Now these are of varying degrees of cost and integration, but all of them kept the kids entertained. Which makes the parents more relaxed travellers. Which creates a better travel experience. Why wouldn’t every airport spend the $200 or $500 or $5000 to put one of these things in place to make people look forward to traveling, instead of dreading it? Why not make people want to come to the airport, even if they’re not traveling? It increases business at the retail establishments, improves brand experience (for when these people are actually traveling), and starts to create a new category airports: traveltainment (okay, that’s just terrible, but I’ll trademark it just in case).

Big planes/small planes

Returning from Columbus, Ohio a couple weeks ago, we flew to SLC on an Embraer 170 jet, which seats about 70 people. At first I was dreading the trip… 2 kids, three and a half hour flight, small plane. The seats were 2 per side of the aisle, and we have one DVD player (my laptop). But my experience quickly shifted once we took off. The flight staff made us feel special, exclusive, and well taken care of. Since the plane was so small, and it wasn’t full, it made us feel like the plane, and the flight attendants, were there just for us. The kids sat in 2 seats on one side of the plane and watched Wallace and Gromit. My wife and I sat on the other side and read. We never get to do this on a big plane, because we’re usually sitting with three people on one side of the aisle and one on the other. They had milk on the plane for our 2 year old (a huge deal since they banned liquids from flights). We arrived in SLC happy, instead of agitated and exhausted.
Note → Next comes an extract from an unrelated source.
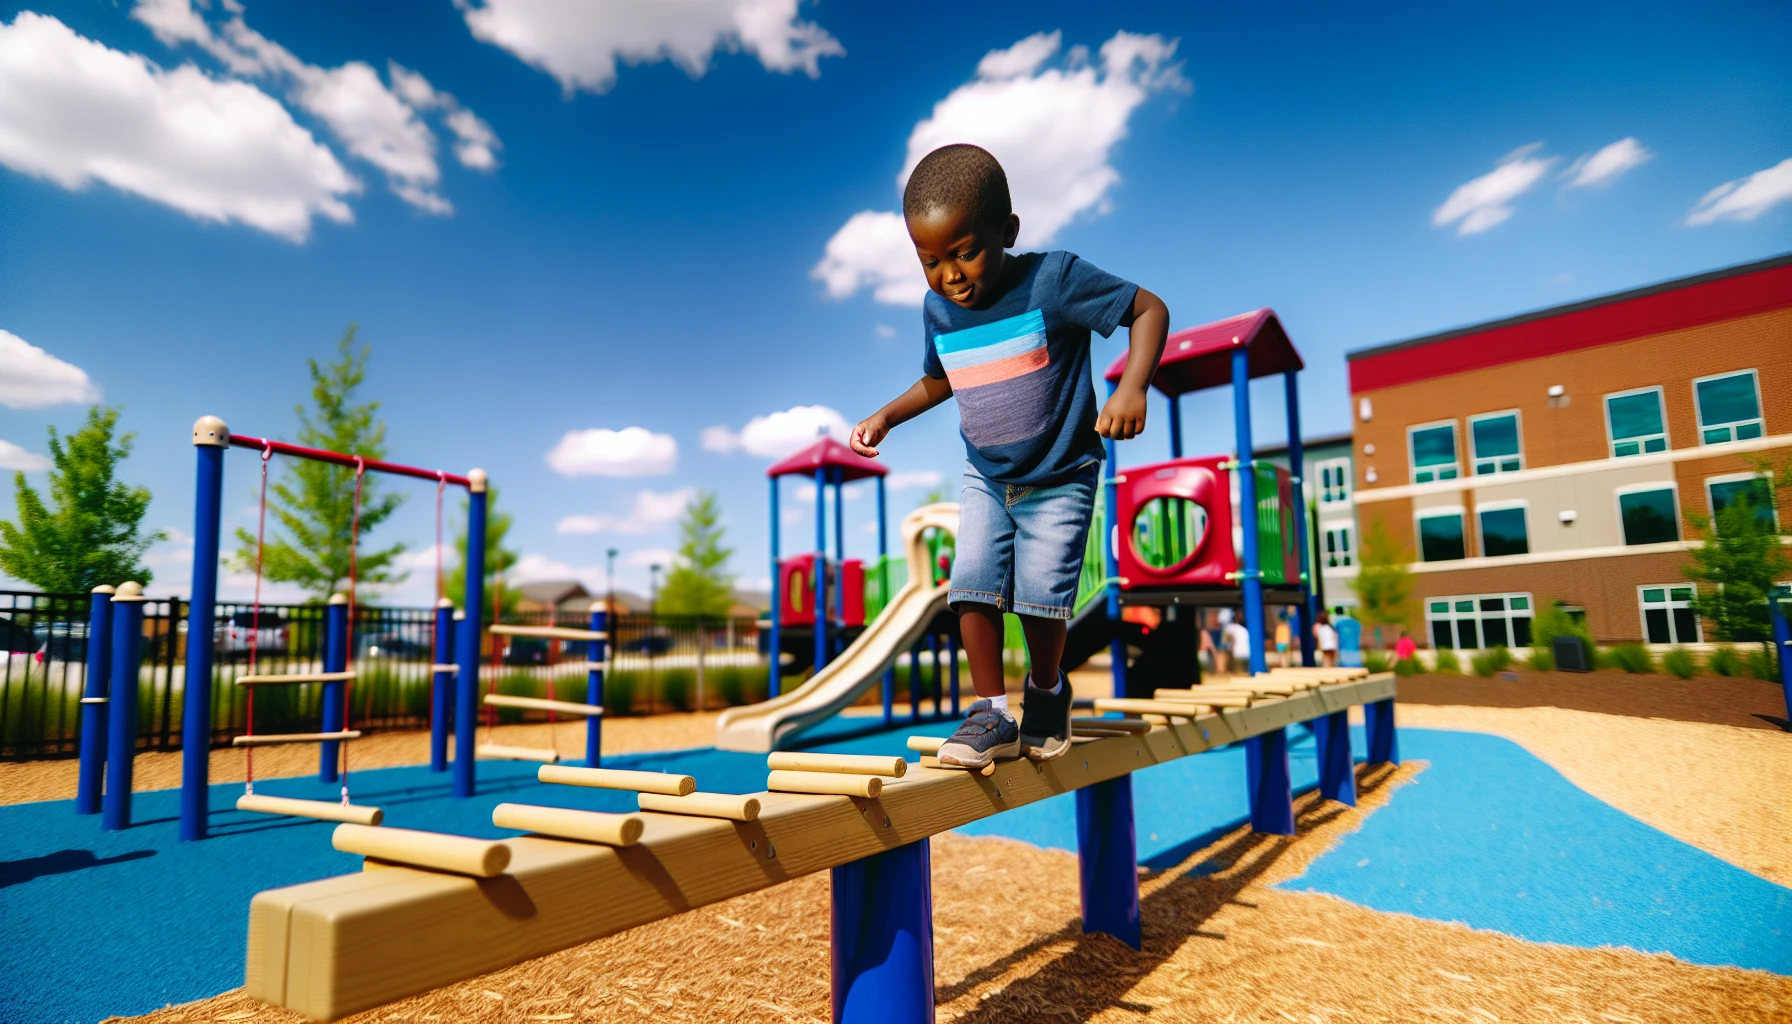 Child confidently walking across a wooden balance beam at playground

So how can the airlines take advantage of the idea of smaller, not bigger, planes? With a smaller plane, the flight attendants have fewer passengers to interact with, allowing them to interact with the passengers more. Which can create a better travel experience. Embraer even has a web site on exactly this (though it could use some help…). Bigger planes mean more people, which makes it feel more like a bus, and the flight attendants have more people to deal with, making their interactions shorter and less personal. Maybe more profitable for the airlines from a monetary standpoint, but less profitable from a brand relationship standpoint.

Frequent Flyer Programs
With all the travel back and forth to Hawaii, I’ve accrued a decent amount of miles. Enough to qualify for Northwest’s “Elite” status. While I saw the miles start to add up, I thought, “yeah, I’ll get to hang out in the President’s Club, get upgraded to first class, it’s going to be sweet.” Turns out Elite status means they waive the initiation fee for the President’s Club (like $50) but you still have to pay for a President’s Club membership (like $300/year). It also turns out you can’t get the free upgrade to first class when flying to Hawaii, pretty much the only place I travel for business. So all the benefits of these miles, of Elite status, have done almost nothing for me except left me disillusioned about frequent flyer programs, and how much (or little) Northwest cares about it’s frequent travelers. And I only have Elite status until February 2007, less than 6 months after I qualified for the program. The one bonus is I get 50% more “bonus” miles per trip, so I can use my miles to upgrade to first class. Woo.

Let’s eat/not eat
On Delta, they still gave us snacks and food. In fact, they gave us extra for the kids. On Northwest, it costs $1 for a snack mix, and $5 for some kind of boxed sandwich. Why are airlines trying to make the already stressful travel experience even worse, when they could look at current travel conditions as a way to create a significant travel advantage for their brand?

Play structures are great for kids and parents, small jets can be great brand experiences, and there are plenty of travel opportunities that could be made into advantages for those willing to challenge how travel within the United States is done. And BWI is now one of my least desirable airports to fly through.